● **Activity**
Give back each line of the data exactly as it reads, minus the pictures.

[Given material — start]

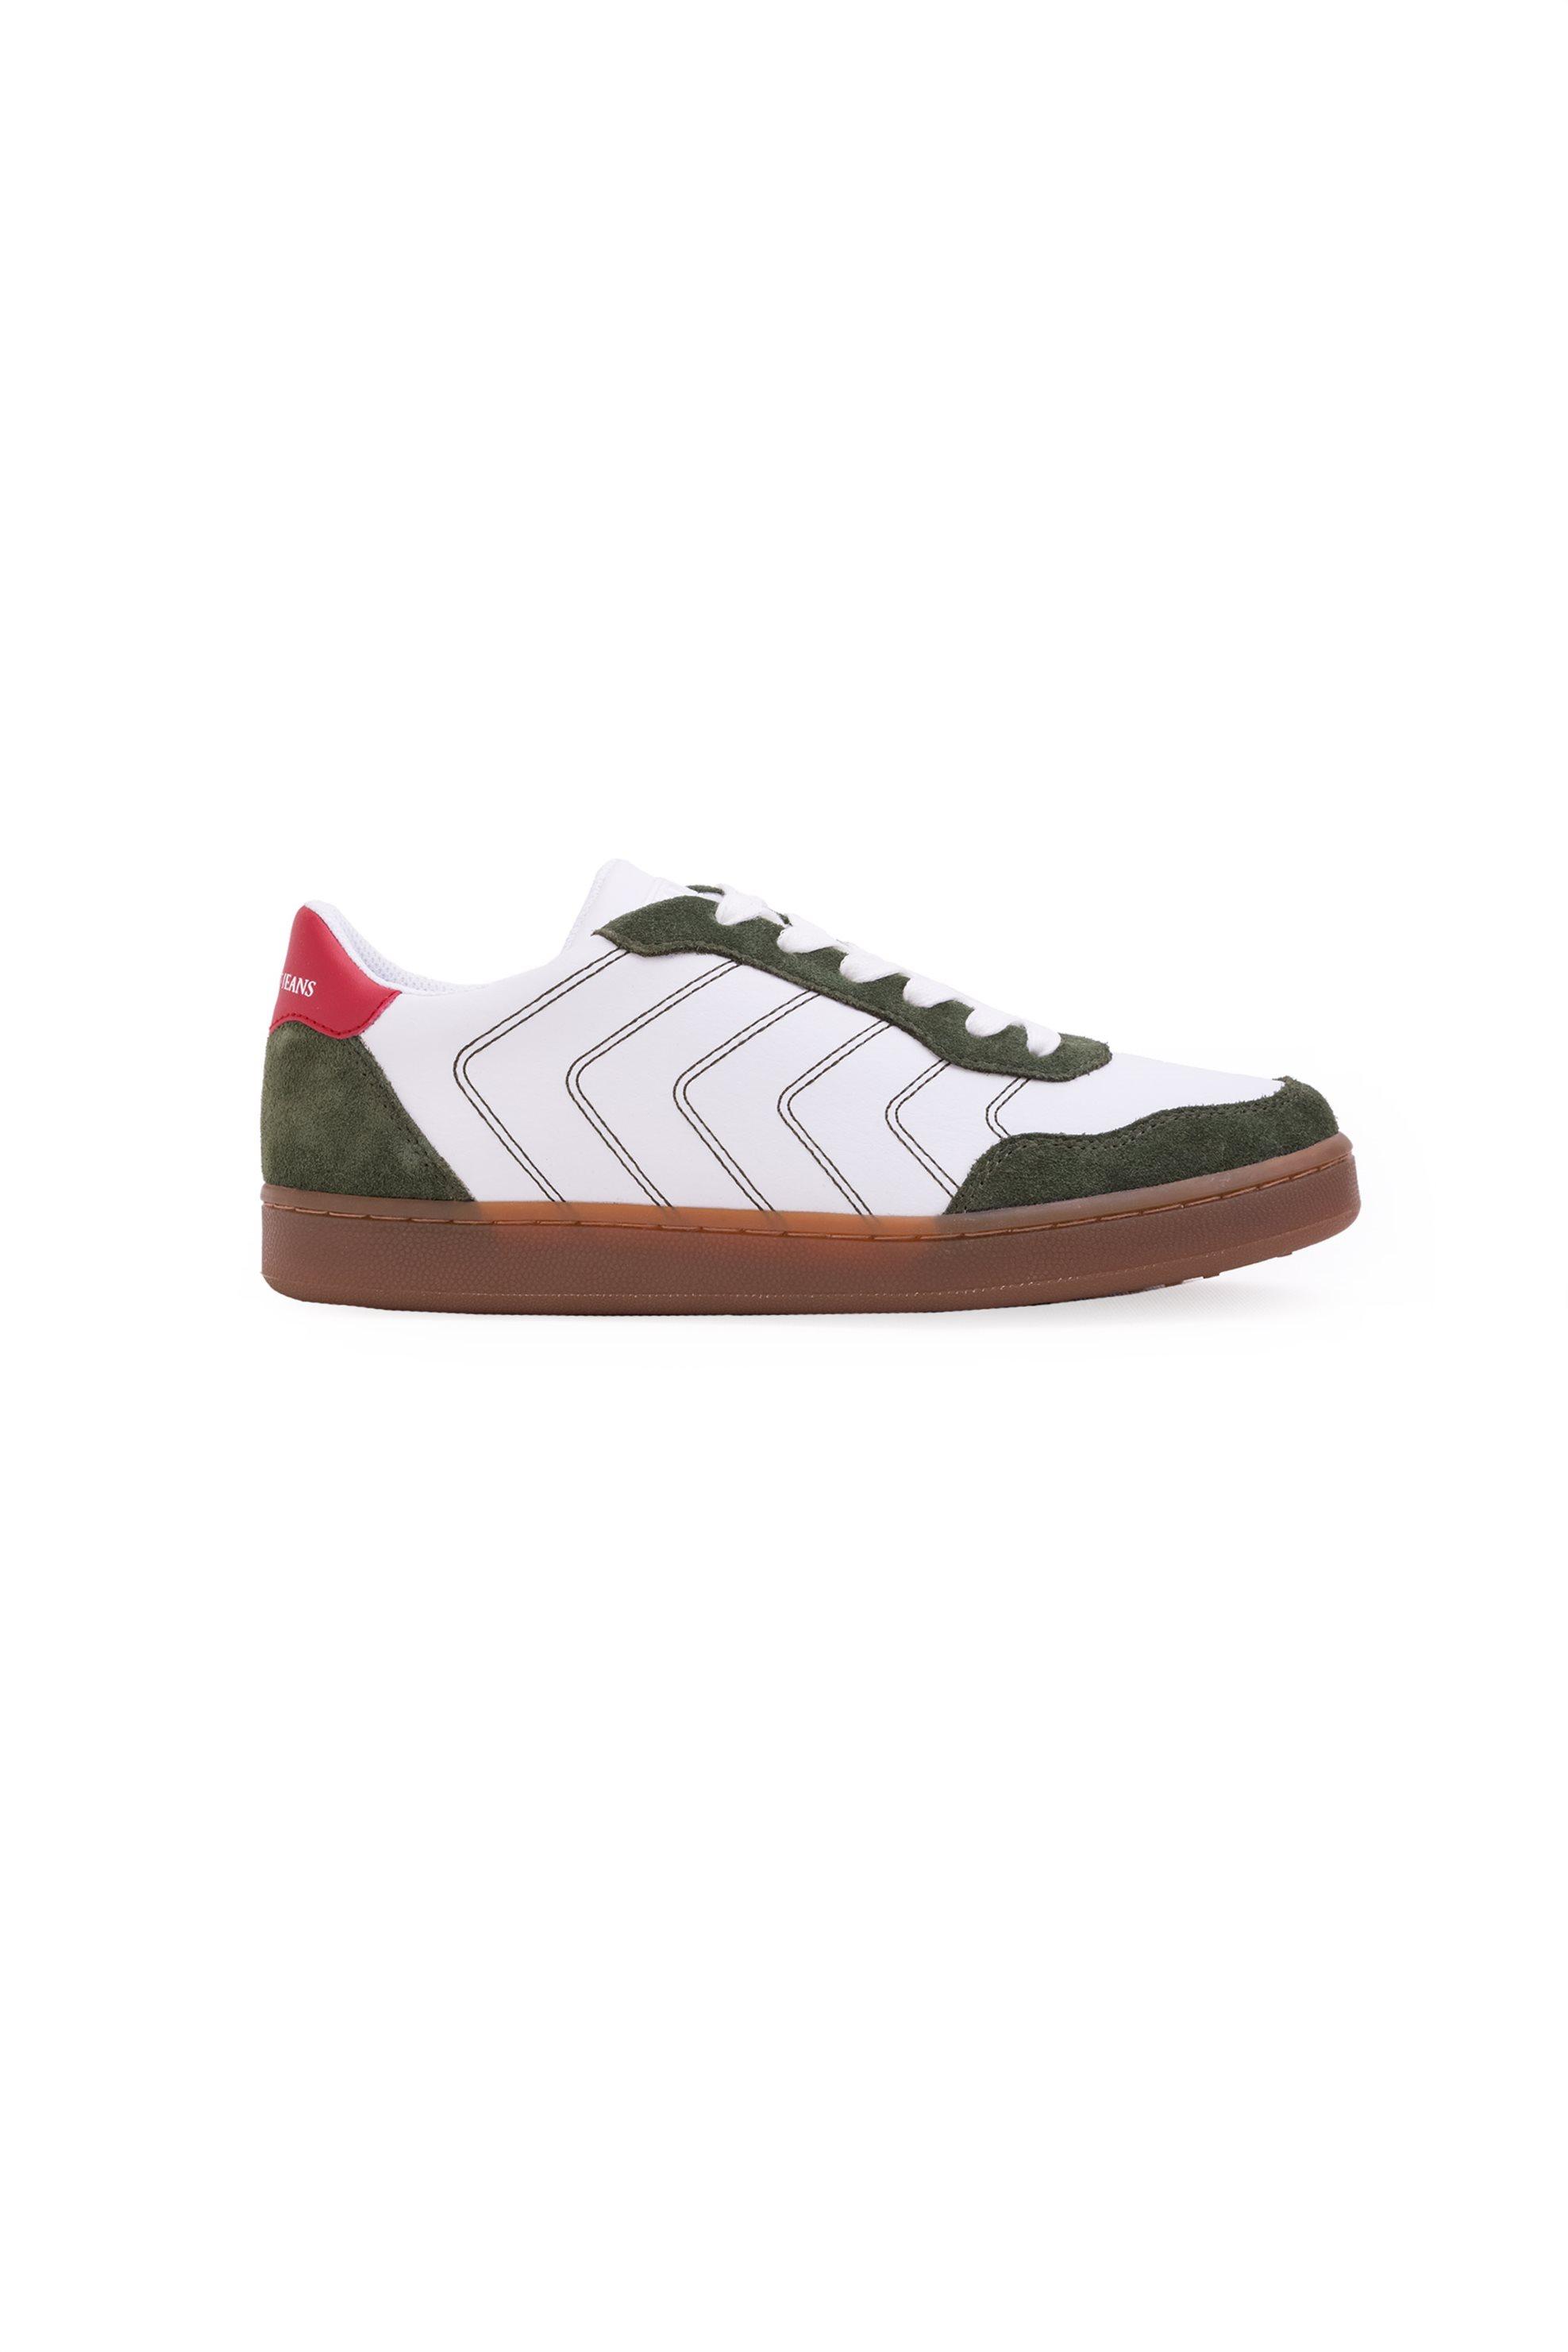 Aνδρικά παπούτσια Τrussardi – 77A00061-9Y099999 – Κυπαρισσί
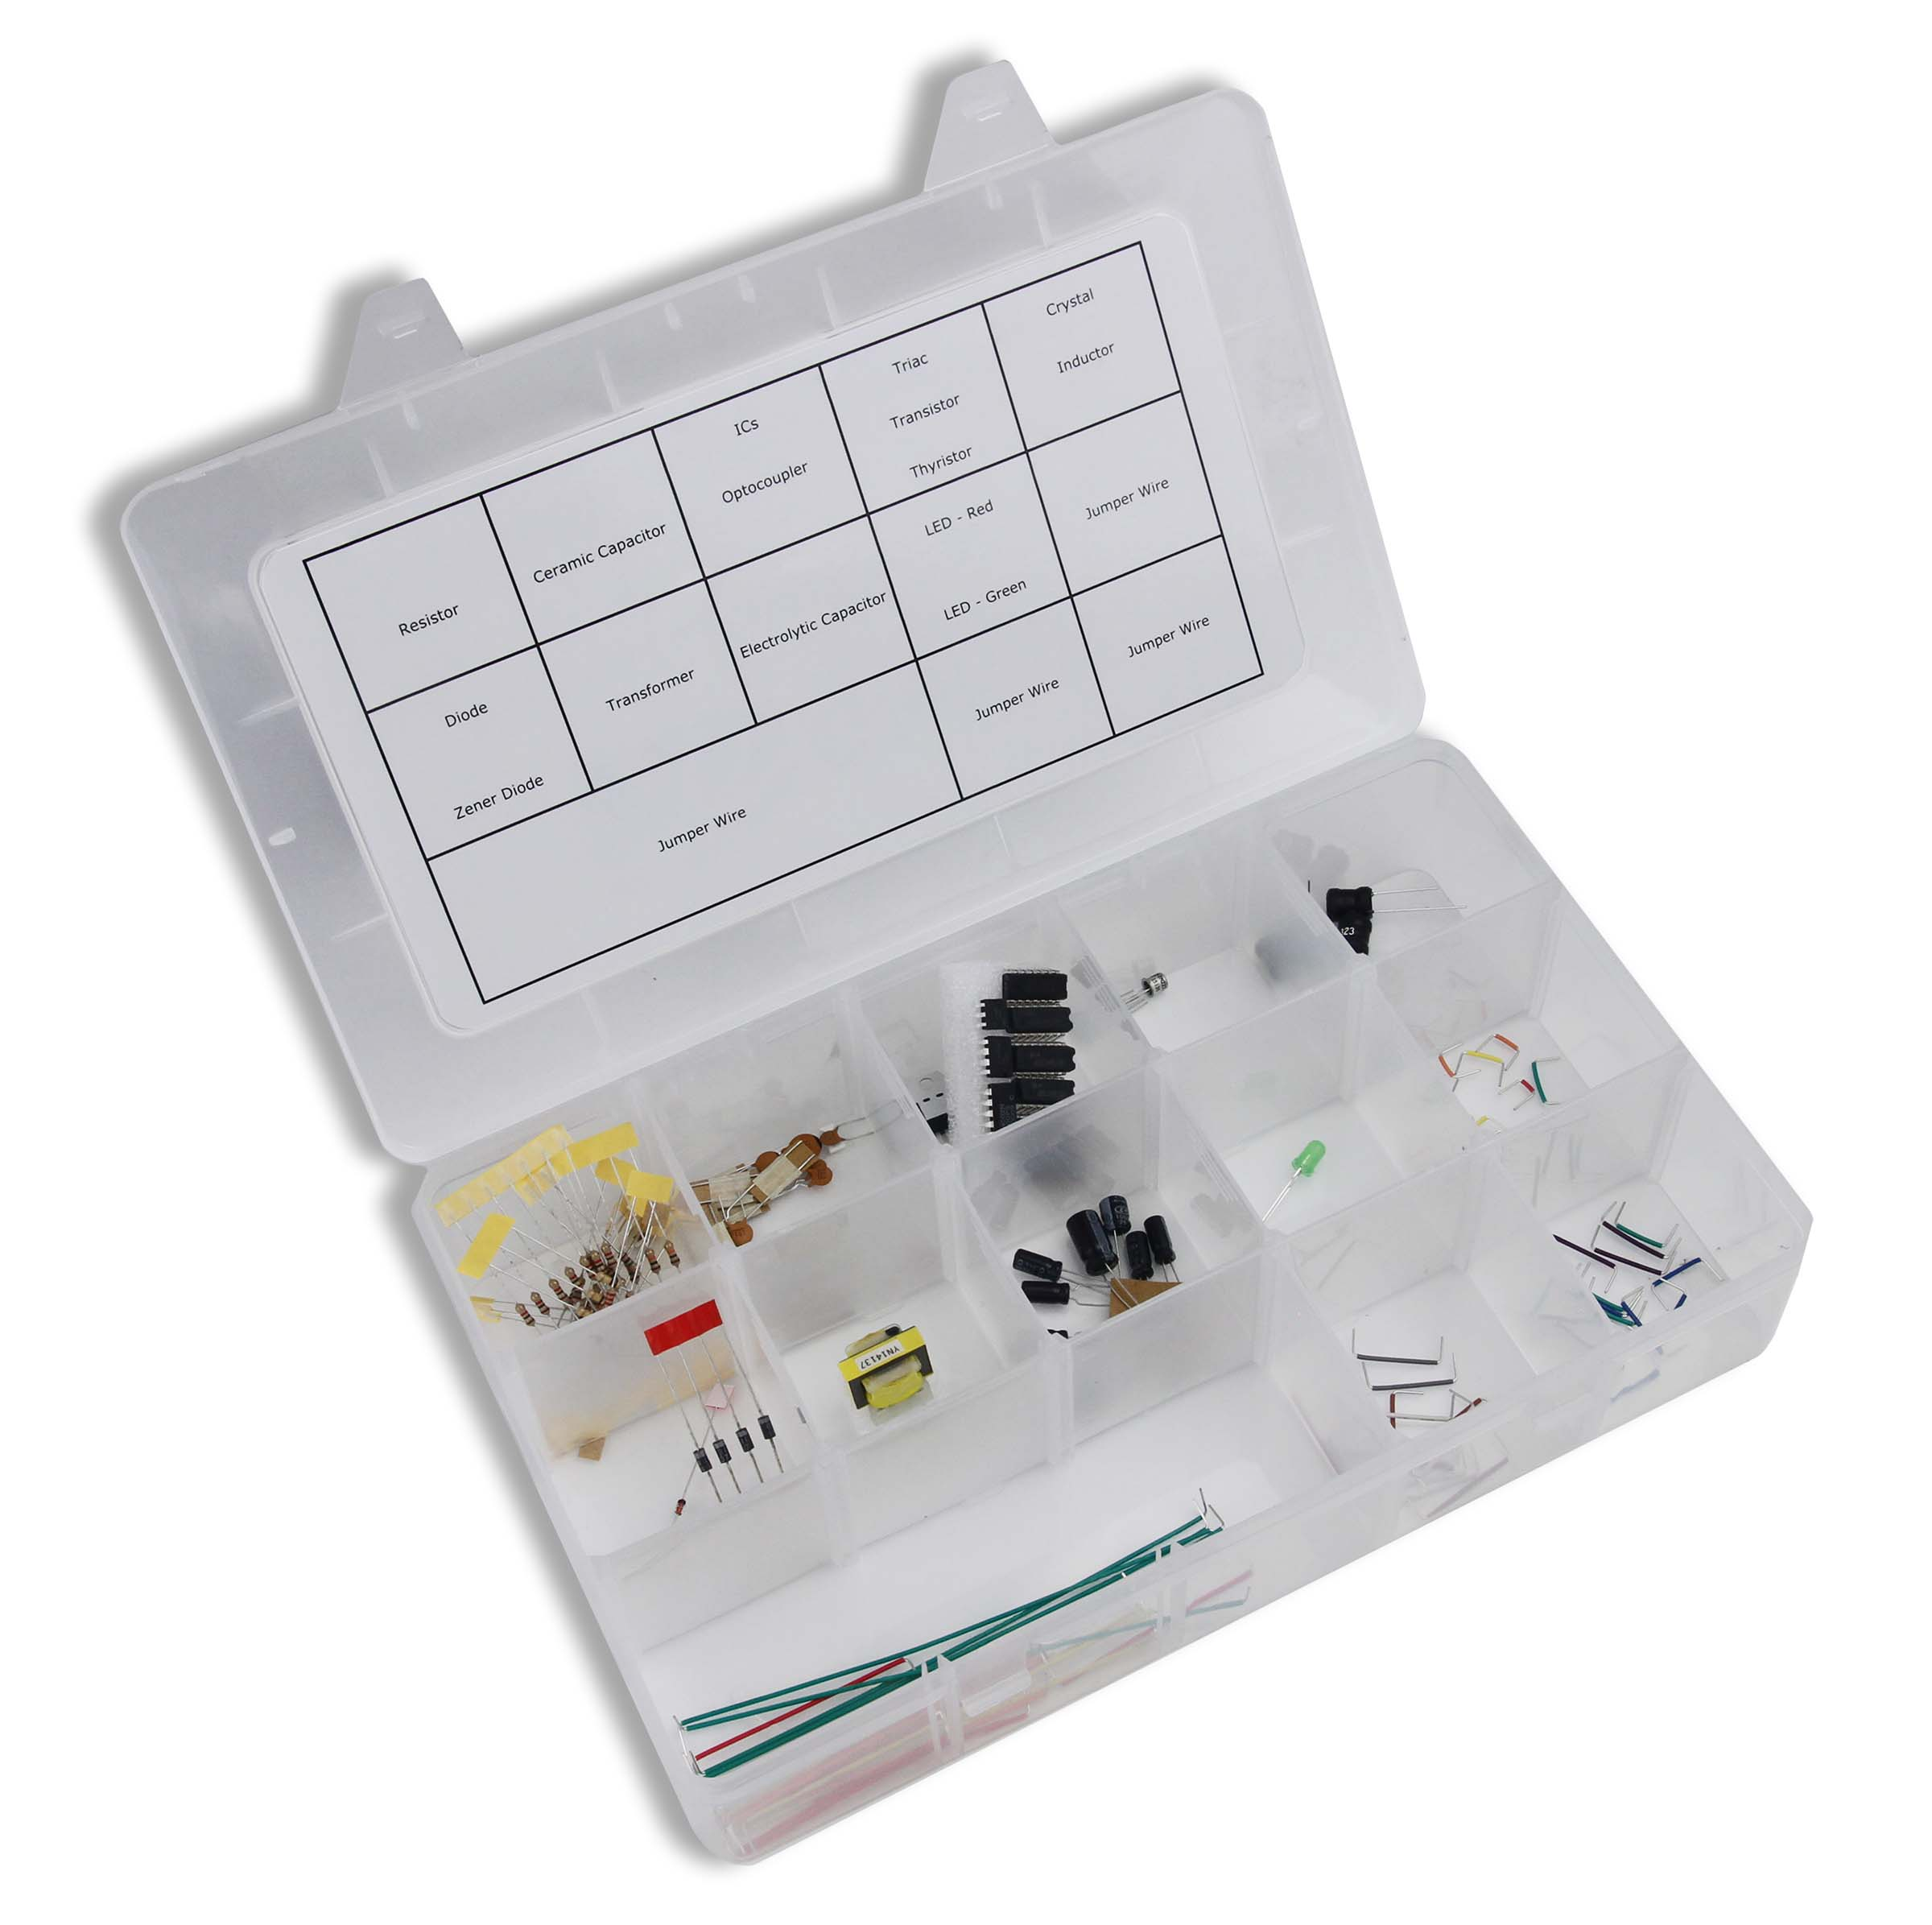 Global Specialties PB-503CLAB PB-503C Plus Courseware & Kit Photo
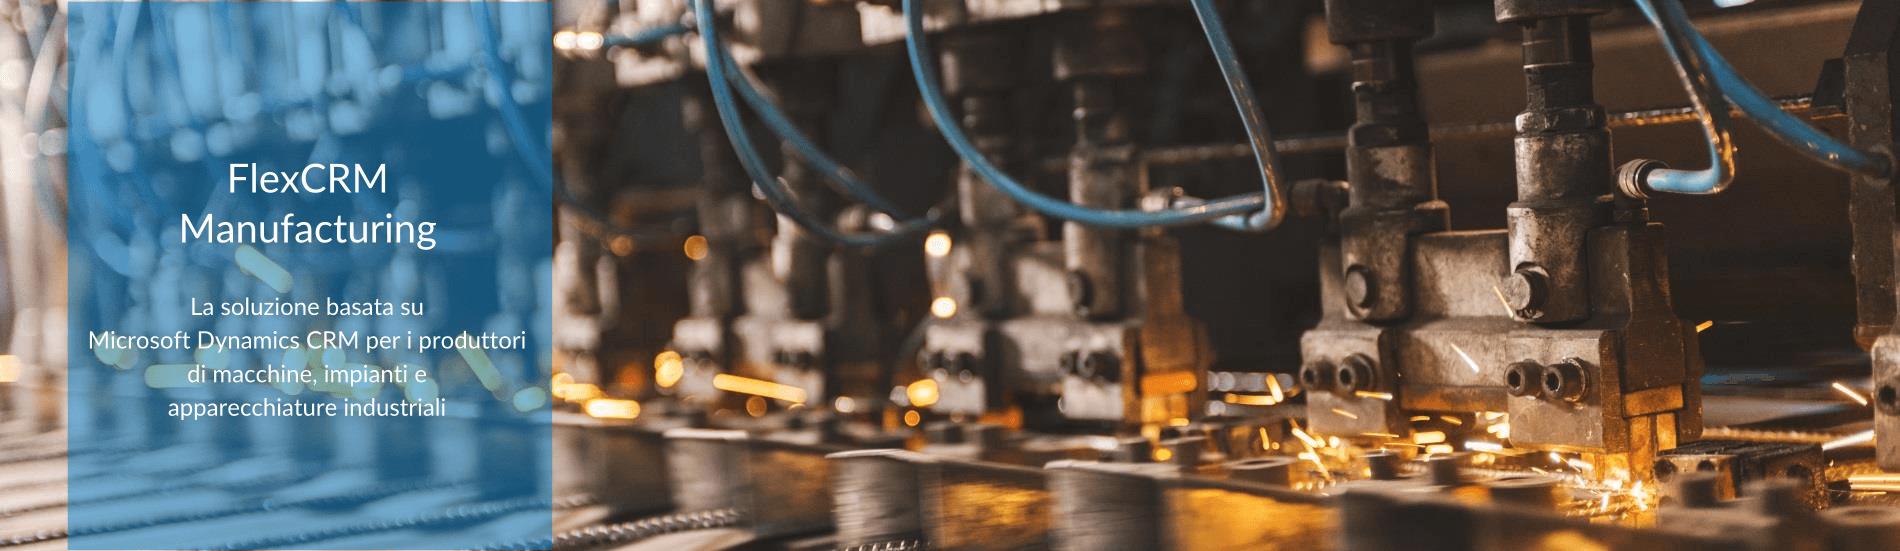 flexcrm manufacturing microsoft dynamics crm settore impianti e macchinari

[Given material — finish]

● **Result**
 Aνδρικά παπούτσια Τrussardi – 77A00061-9Y099999 – Κυπαρισσί
 Global Specialties PB-503CLAB PB-503C Plus Courseware & Kit Photo
 flexcrm manufacturing microsoft dynamics crm settore impianti e macchinari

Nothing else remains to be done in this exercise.